4. The method of claim 3, wherein the step of,

determining the ordering relation between any two super pixel block nodes as follows:

the weight between any two super pixel nodes is defined as:σ＝max||c _i -c _j ||-min||c _i -c _j i, σ is the standard deviation of the distance and pixel value between the super pixel block nodes in the color space; f (f) _i ，f _j Feature vectors, d, respectively representing the ith and jth superpixel block nodes in the graph _ii ，d _jj Representing the number of edges representing the i and j-th nodes to which they are connected, μ=0.1 for controlling the smoothness constraint, y _i Indicating whether the super pixel block node is a seed point, if so, y _i =1 otherwise y _i ＝0。

5. The method of claim 1, wherein a CGAN condition generation countermeasure network is employed as the generation model.

6. The method of claim 1, wherein the step of determining the position of the substrate comprises,

performing image saliency detection on the second input image by adopting a saliency detection model based on deep learning, wherein the saliency detection model comprises an encoder and a decoder;

when the second input image is an image containing a significant object, performing decoding operation on the first feature image obtained by the encoder through the decoder, and predicting to generate the significant image;

when the second input image is an image which does not contain a significant object, calculating a second feature image obtained by the encoder and a background pixel feature image with the same size as the second feature image, determining BCE loss between the second feature image and the background pixel feature image, closing a relevant background channel in the encoder, and calculating the loss as follows:

wherein n represents the number of pictures in the training dataset, wherein F _mt Representing background pixel feature map, F _l Representing the coding feature map.

7. The method of claim 6, wherein the step of providing the first layer comprises,

the encoder contains a triple remodelling structure for reconstructing the signature and transmitting to the next encoding layer.

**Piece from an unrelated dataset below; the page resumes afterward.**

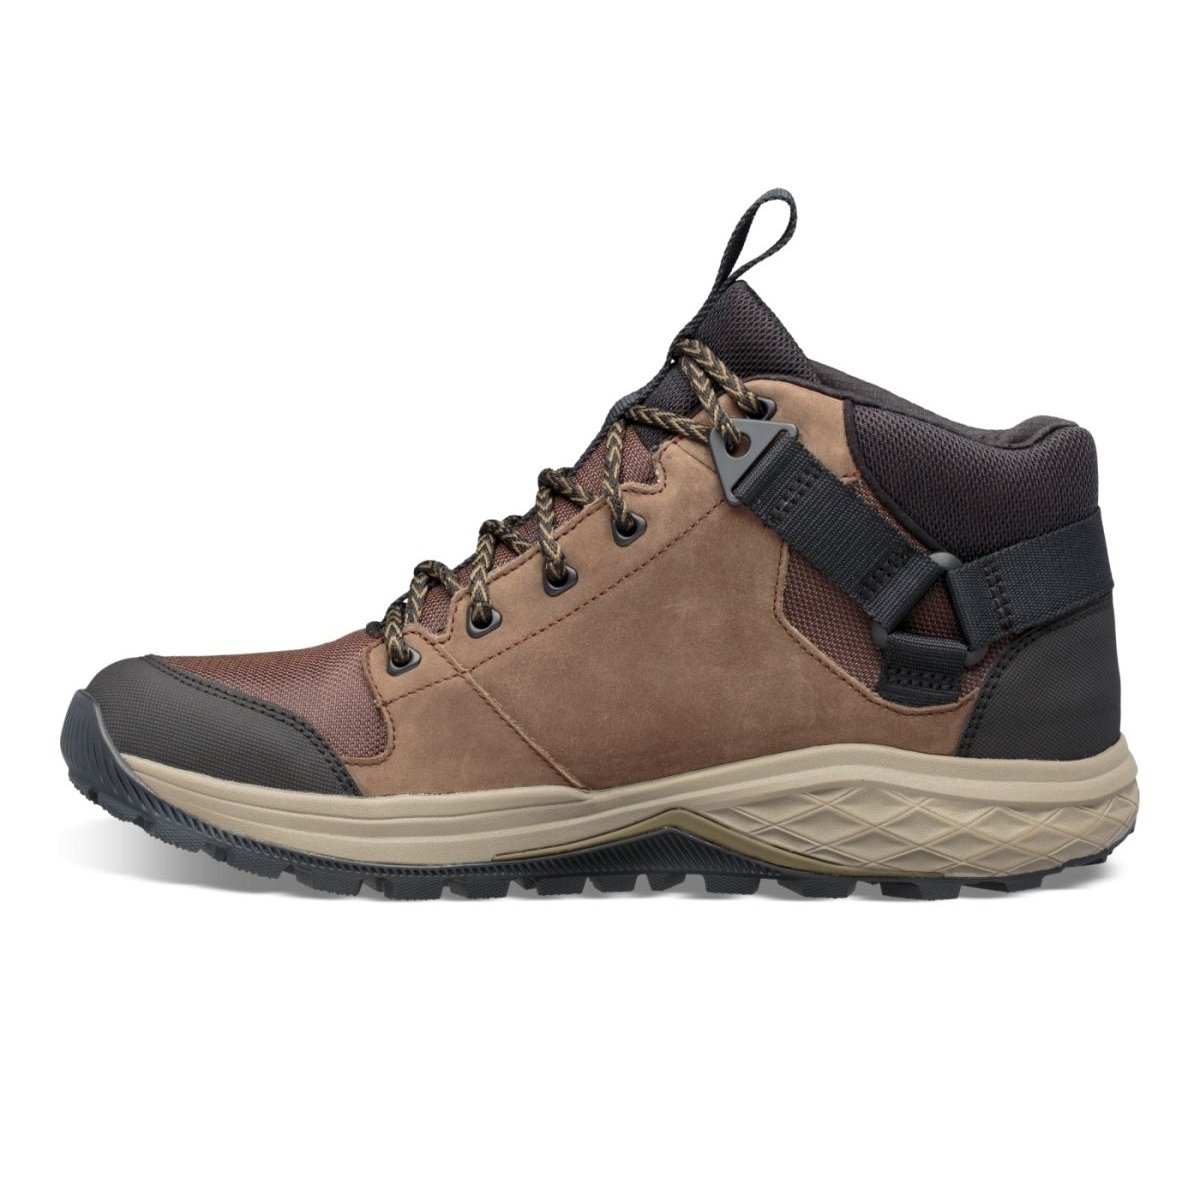 Teva Men's Grandview Mid Gore-Tex Hiking Shoe Chocolate Chip - 1106804-CCHP CHOCOLATE CHIP - CHOCOLATE CHIP, 10.5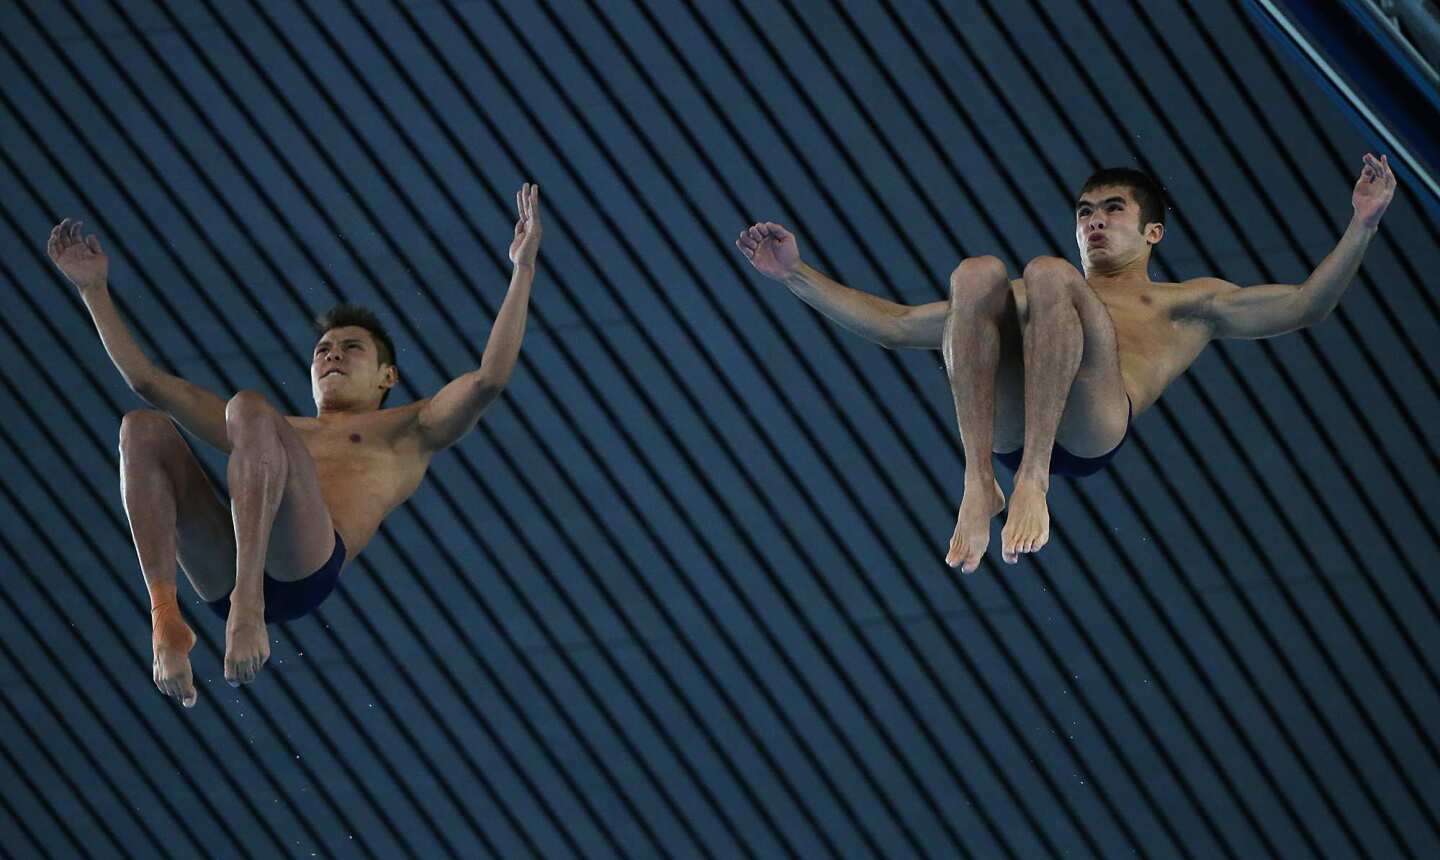 Men's synchronized diving

8. The method of claim 1, wherein the step of determining the position of the substrate comprises,

and before the third image is generated, carrying out post-processing on the image fused by the background image and the foreground image, removing unnatural edges and adjusting the tone.

9. An image background switching apparatus, characterized by adopting the image background switching method according to any one of claims 1 to 8, comprising:

the background extraction module is used for sorting the segmented first input image to obtain a background range in the image;

the background generation module is used for transmitting the background range as a condition into a generation model to generate a background image;

the saliency detection module is used for detecting the image saliency of the second input image, extracting a saliency area of the image foreground and generating a saliency map;

the foreground generation module is used for extracting a foreground image of the second input image according to the saliency map;

and the fusion module is used for fusing the background image and the foreground image to generate a third image.

10. A readable storage medium having stored thereon a program or instructions, which when executed by a processor, realizes the steps of the image background switching method of any of claims 1-8.